Hedef Premier Lig olmalı
Tartışmalar büyürken çözüm önerenin hiç olmaması da dikkate değer. Hakemlik müessesinde köklü bir değişim şart. Belki de Kulüpler Birliği işin daha çok içine girmeli. O vakit eleştirecekleri, şikâyet edecekleri bir merci de kalmayacak. Yine hakemlerin eğitimi, ölçme ve değerlendirmesi işinin içine de Kulüpler Birliği dâhil edilebilir. Bu durumda hakemlerin eğitim ve istihdam yatırımı da Kulüpler Birliği tarafından sağlanarak hakemlerin patronunun Kulüpler Birliği olması sağlanabilir. Ha diyeceksiniz ki Kulüpler Birliği bu işin üstesinden gelebilir mi?

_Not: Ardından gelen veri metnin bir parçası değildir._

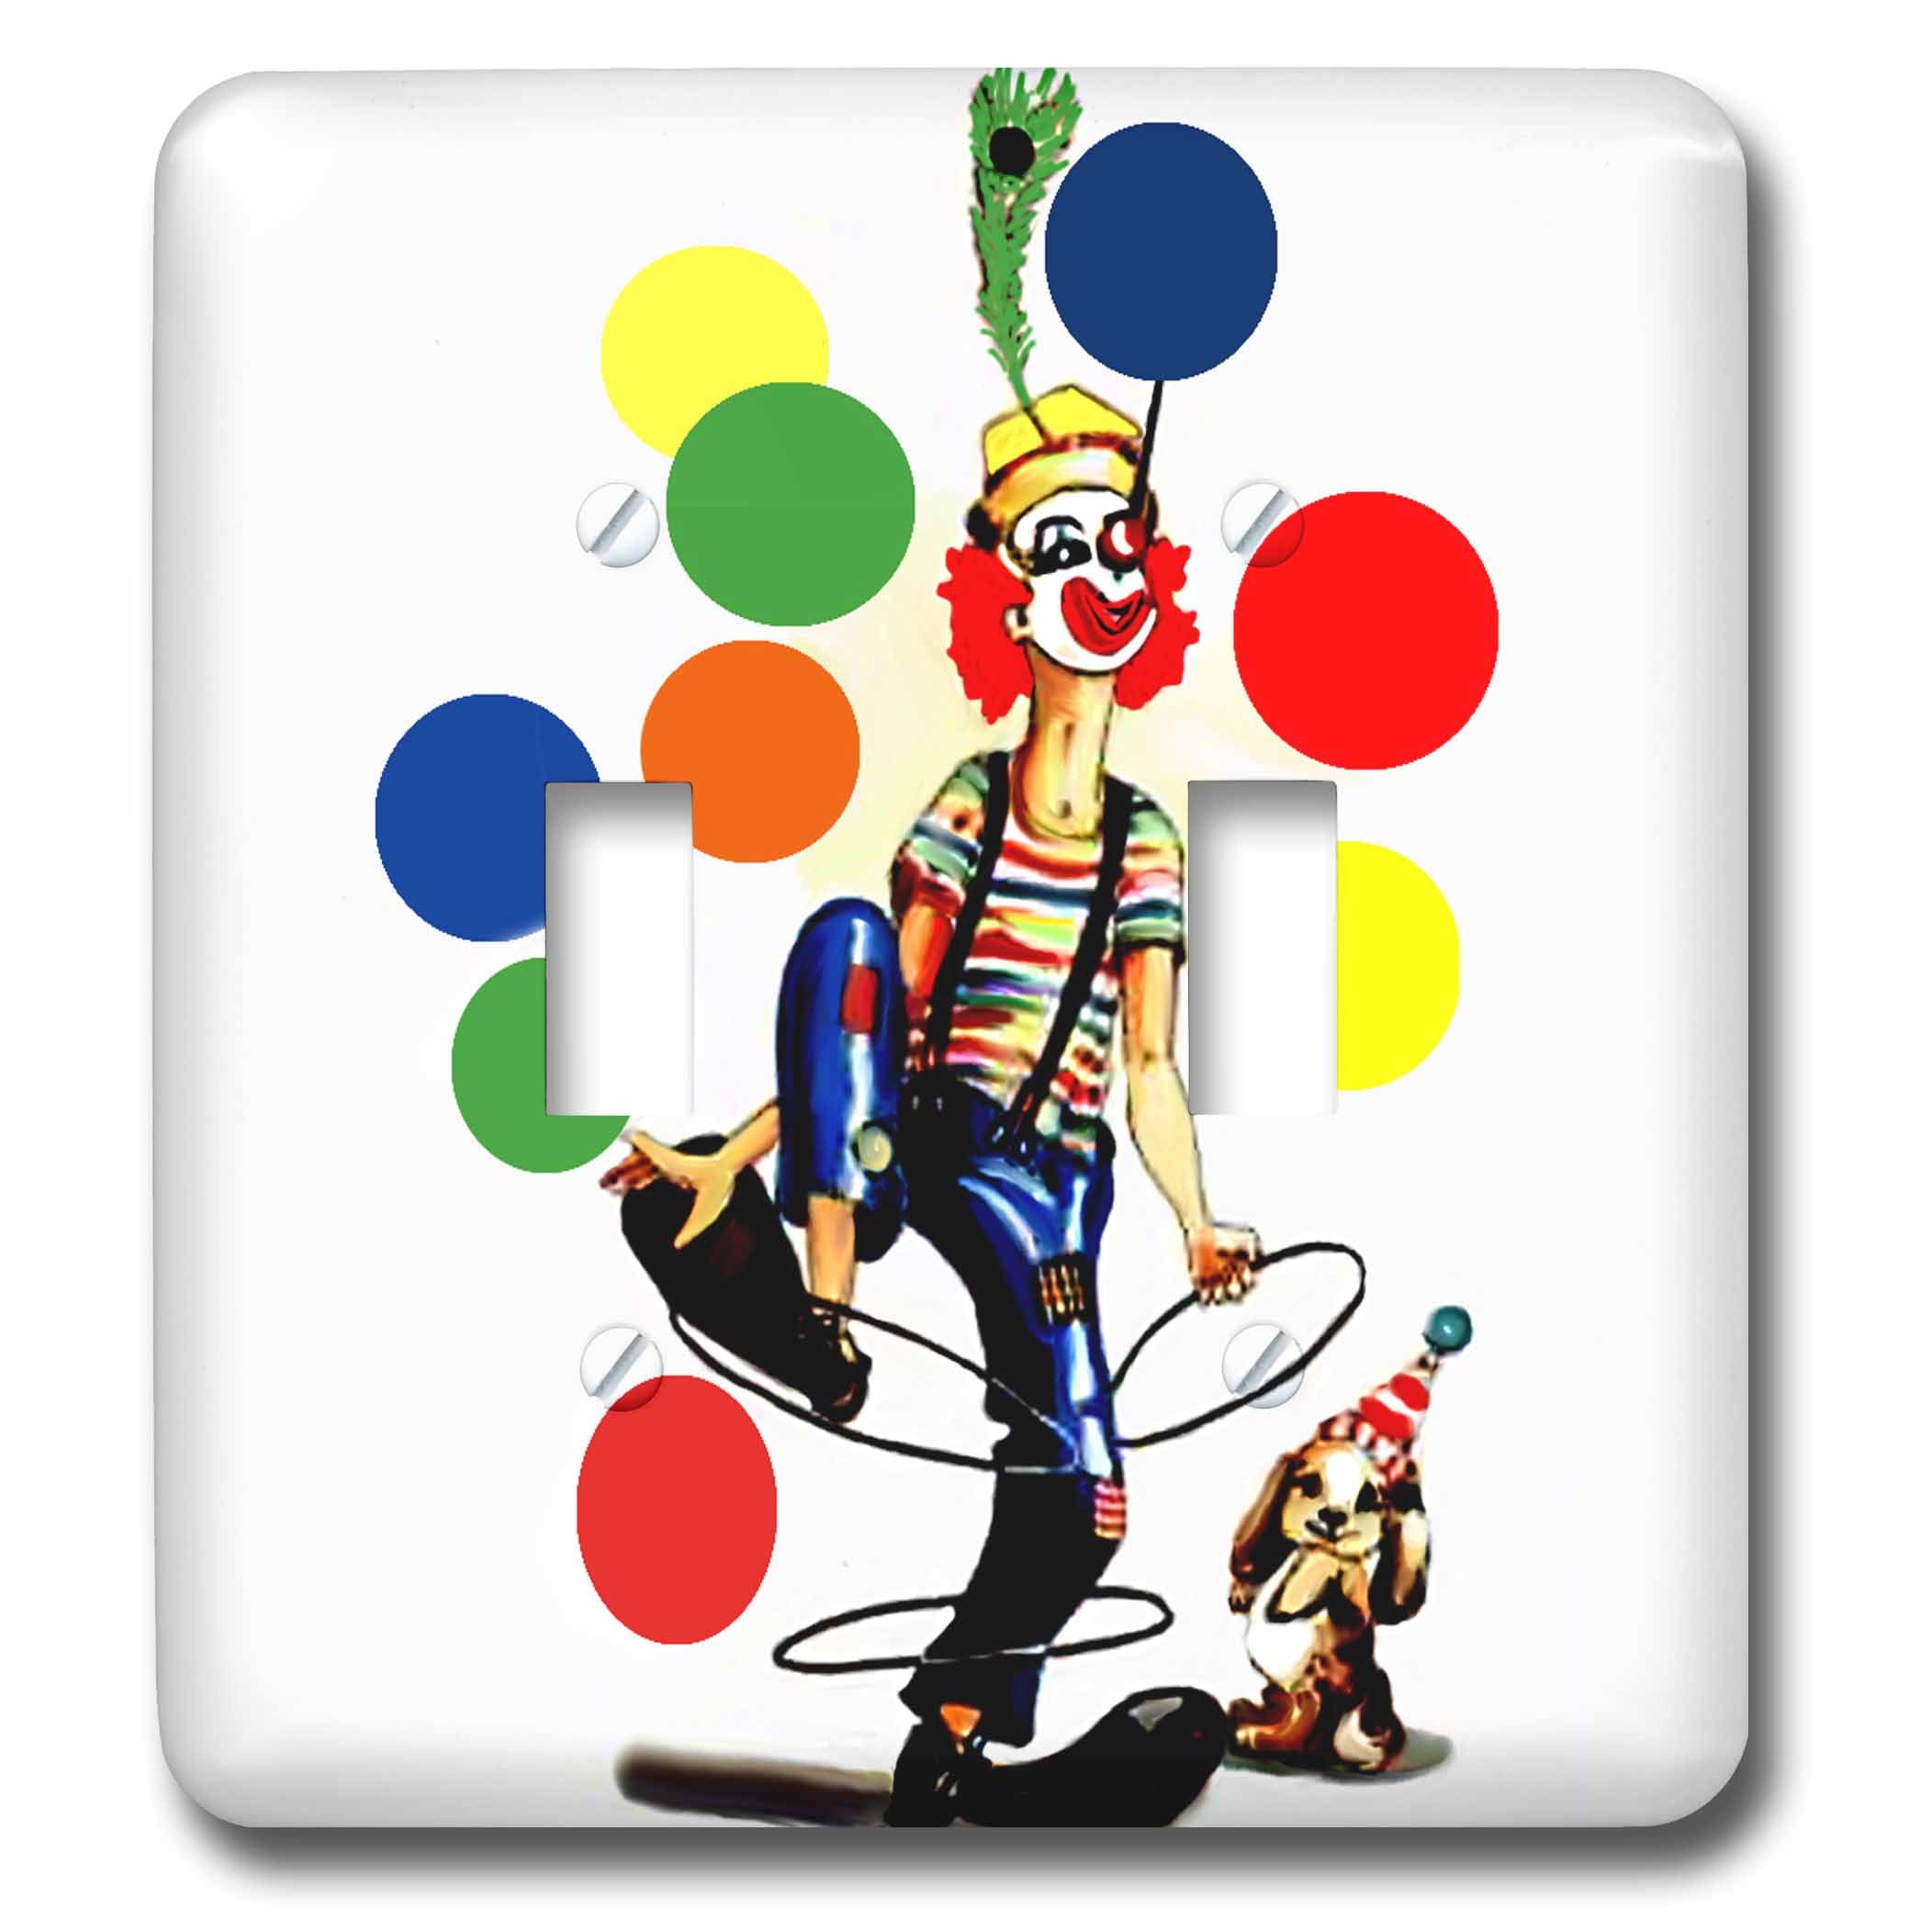 3dRose lsp_56072_2 Clown with Umbrella Double Toggle Switch
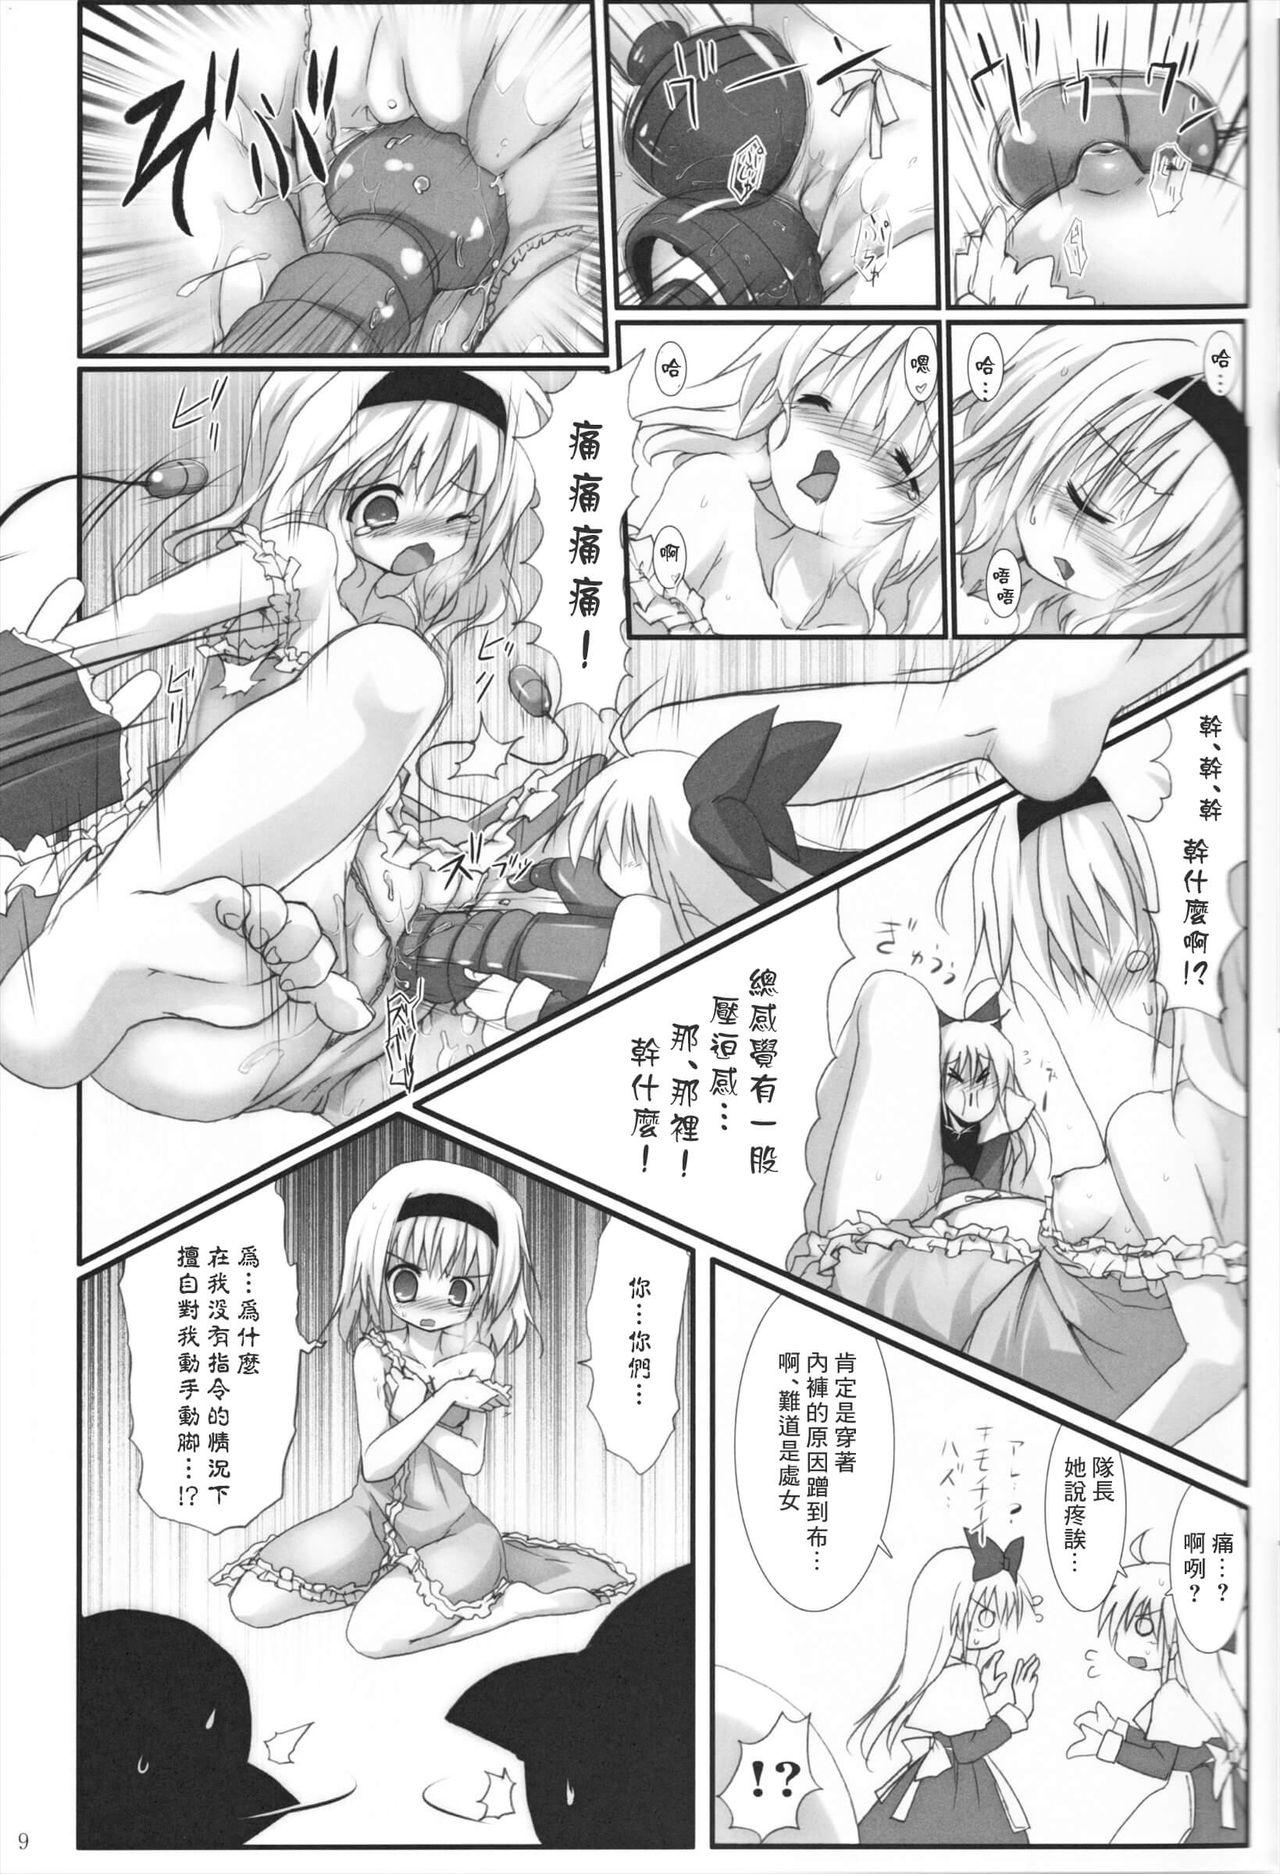 Uniform Alice in Nightmare - Touhou project Upskirt - Page 10

Neden olmasın? Gerçi ihalelerine Kulüpler Birliği taraf olduktan sonra naklen yayın bedeli neredeyse 10 kat azaldı ama hiç değilse şikâyet edecekleri bir merci kalmadığından kulüpler sesini çıkaramaz oldu. Hakem işine Kulüpler Birliği girdikten sonra da hiç değilse kulüplerin ve dolayısıyla taraftarların sesi çıkmaz, futbolda bugün olmayan huzur ve güven ortamı yeniden geri gelir. Durum bugünkünden de kötü olmaz. Hatta belki de daha iyi bile olabilir.
Futbolun geleceği de dünyada bu yönde gelişiyor. Kulüpler Birliği, Lig A.Ş. fikrini bir ara çok dillendiriyordu. Hedef Premier Lig benzeri bir yapının Türkiye'de kurulması, liglerin ticari haklarını bu yapının yönetmesiydi. Bu modelde TFF sadece milli takımlar ve alt yapının geliştirilmesi ile meşgul olacak, hakemlik tamamen bu yapı altında profesyonel olarak yürütülecekti. İngiltere, Almanya, İtalya, Fransa bu yönde ilerlerken Türkiye'de hiçbir gelişme olmadı. Tam tersine yeni yasa ile bırakın ticari hakların Kulüpler Birliği tarafından yönetilmesini, neredeyse TFF'nin ve tüm kulüplerin yönetimi devletin denetimine girdi. Sayın Aziz Yıldırım, Kulüpler Birliği başkanıyken Lig A.Ş.nin kuruluşu konusunda uzmanlar buldu, görüşler aldı ve bir yola çıktı. Onun başlattığı süreç 3 Temmuz ile bir daha konuşulmamak üzere kapandı. İpler kulüplerin eline geçecekken tam tersi yönde gelişme ile inisiyatif neredeyse tamamen devletin eline geçti. Avrupa Kulüpler Birliğinin yönetim kurulunda üye olan Sayın Ali Koç aynı zamanda Kulüpler Birliğinin Başkanı bu konuda yüksek sesle olmasa da Aziz Yıldırım'la benzer düşüncelerini zaman zaman açıklıyor. Kulüp sahipliği de derinden derine tartışılmaya başlandı. Bu iki dinamik bir arada gelişirse bakarsınız Türk Futbolu sözde değil gerçekte Avrupa'nın beş büyük liginden biri olabilir. Ya da futbol yeni yasa ile görünüşte özerk aslında tam bir devletleştirme modeli ile özerklik öncesi günlerini mumla arar. Bakalım gelişen dinamikler bize nasıl bir futbol dünyası gösterecek?